In the platelet plug hypothesis that has been around for decades, at sites of developing injury, platelets under shear are slowed by adherence to von Willebrand factor (vWF) (see Chap. 12) and activated after their interaction with exposed collagen through the platelet receptor GPVI [1]. This initial platelet event at a site of vessel injury is called primary hemostasis. Exposed collagen, aggregated protein, cellular polyphosphates (polyP), or extracellular RNA also has the ability to bind plasma factor XII (XII) to support its autoactivation to factor XIIa (XIIa). Factor XIIa formed in such a manner leads to a cascade of activation of blood coagulation protein leading to thrombin formation. This pathway is not essential for hemostasis but may be important for pathologic thrombosis. Simultaneously or alternatively, injured subendothelium results in the expression of tissue factor which complexes with factor VII/VIIa to activate factor IX and leads to thrombin formation. This latter mechanism for thrombin formation is essential for hemostasis and is an alternative process for thrombosis. Formed thrombin by any mechanism leads to more fibrin clot and platelet activation through the platelet thrombin receptors, protease-activated receptors 1 and 4 (PAR1 and PAR4). These events additionally activate platelets and expose surface phospholipids like phosphatidylserine (PS) which itself is a procoagulant, i.e., a thrombin-generating surface. Activated platelets also release ADP and serotonin to recruit more platelets and polyP, a lipid material that can support factor XII activation. Finally, most probably, different stimuli lead to different mechanisms for thrombin formation. These additional processes leading to thrombin formation are termed secondary hemostases.

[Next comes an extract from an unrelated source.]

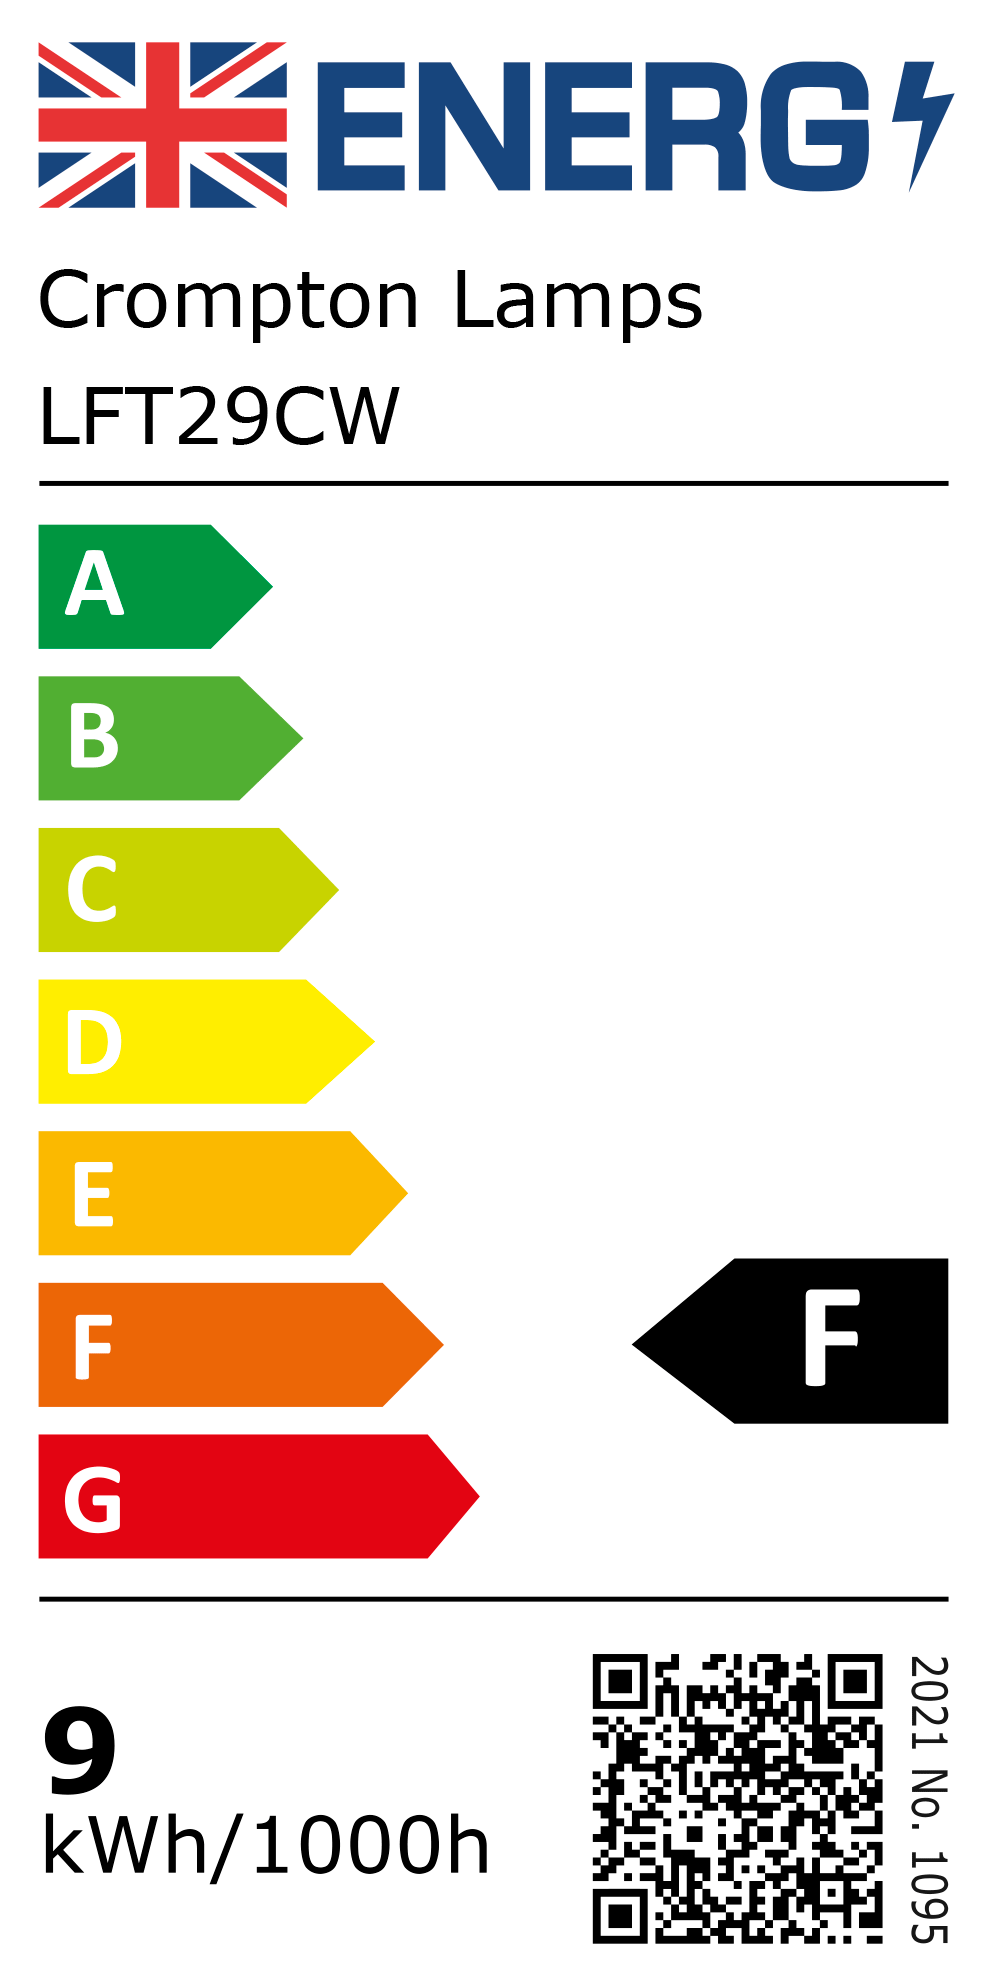 New 2021 Energy Rating Label: Stock Code LFT29CW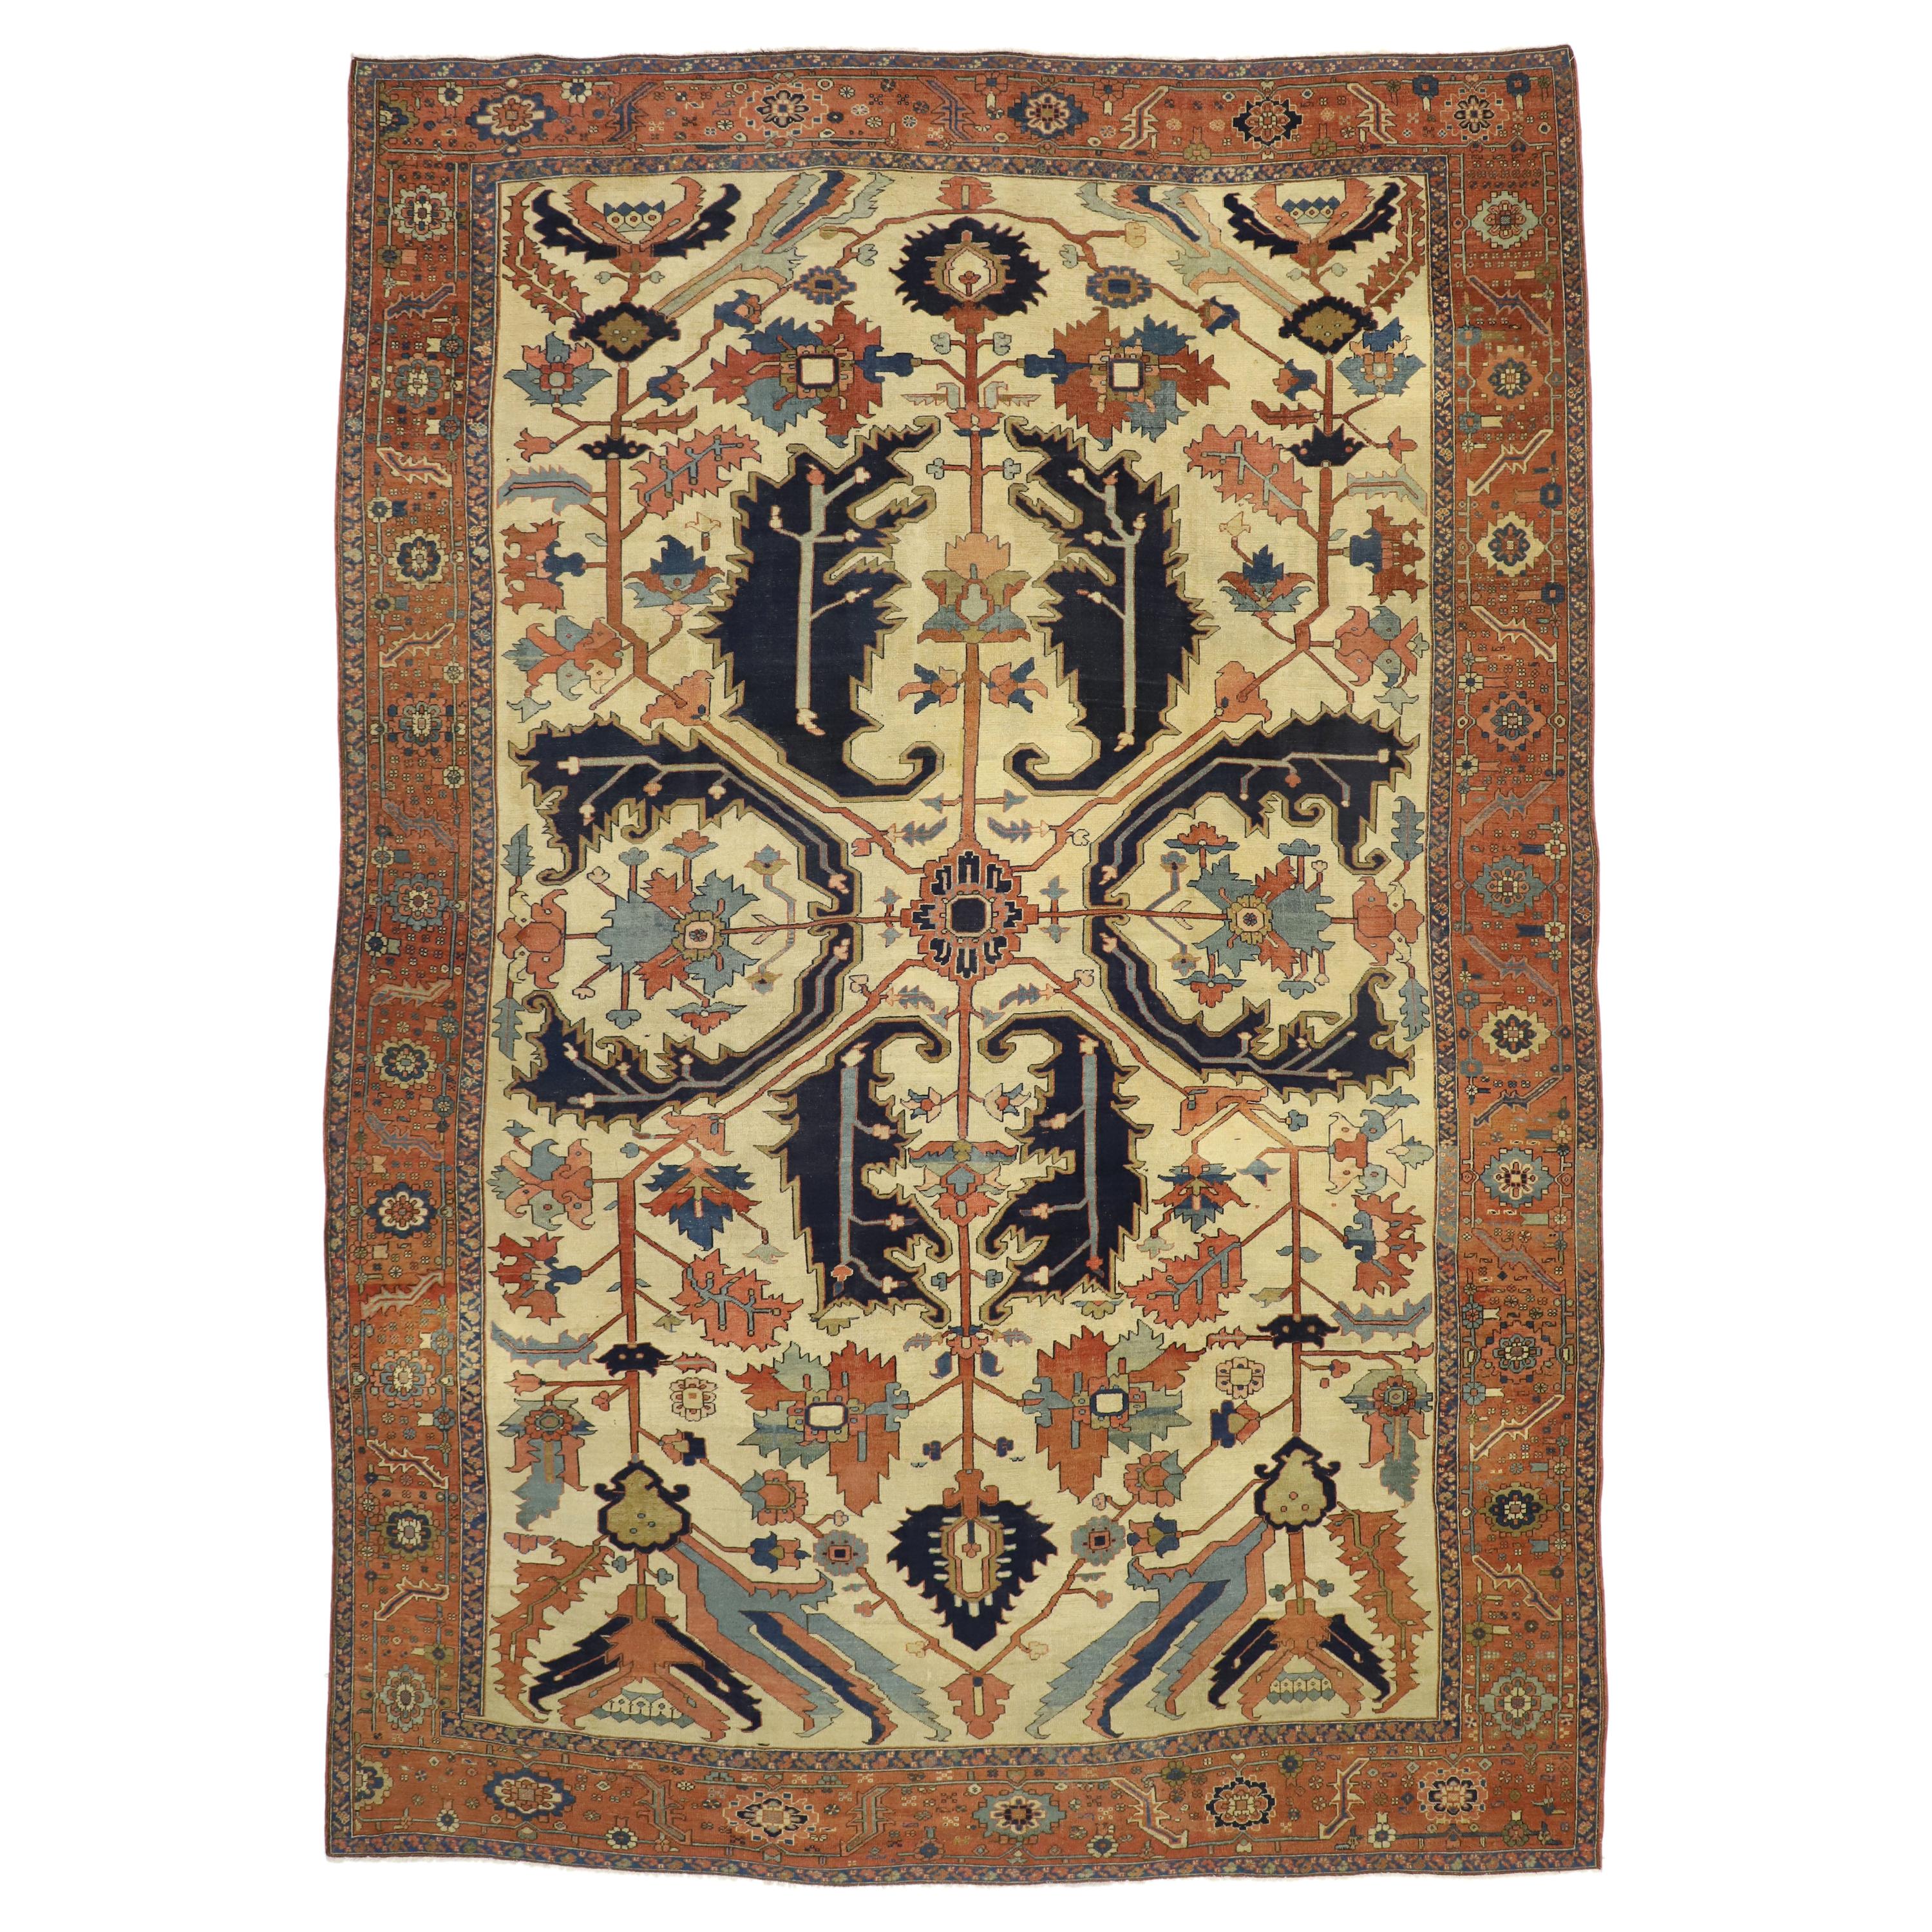 1880s Antique Persian Serapi Rug, Timeless Elegance Meets Relaxed Refinement

In recent years, another understanding for the initiation of hemostasis has been demonstrated at least in the experimental model situation. For example, a laser injury to a small arterial blood vessel results in tissue factor, factor VIIa, and thrombin formation before platelets adhere and aggregate. The formed thrombin recruits platelets for a dense platelet thrombus, and additional platelet activation releases platelet ADP to recruit another layer of the platelet thrombus [6]. These secondary mechanisms lead to either vessel occlusion or thrombus dissolution depending upon the strength of the initial thrombin formation or secondary platelet response.

The complexity of these mechanisms is magnified by arteries versus veins, high shear versus low shear, large vessels versus small vessels, and healthy tissue versus atherosclerotic diseased vasculature. All of these processes are occurring variably simultaneously and contribute to bleeding cessation or hemostasis or unchecked occlusive thrombosis. Even though these systems are interacting, overlapping, and redundant, they function in an elegant balance. The remarkable thing is that the absence of only one factor alters the balance that leads to a bleeding or thrombotic state.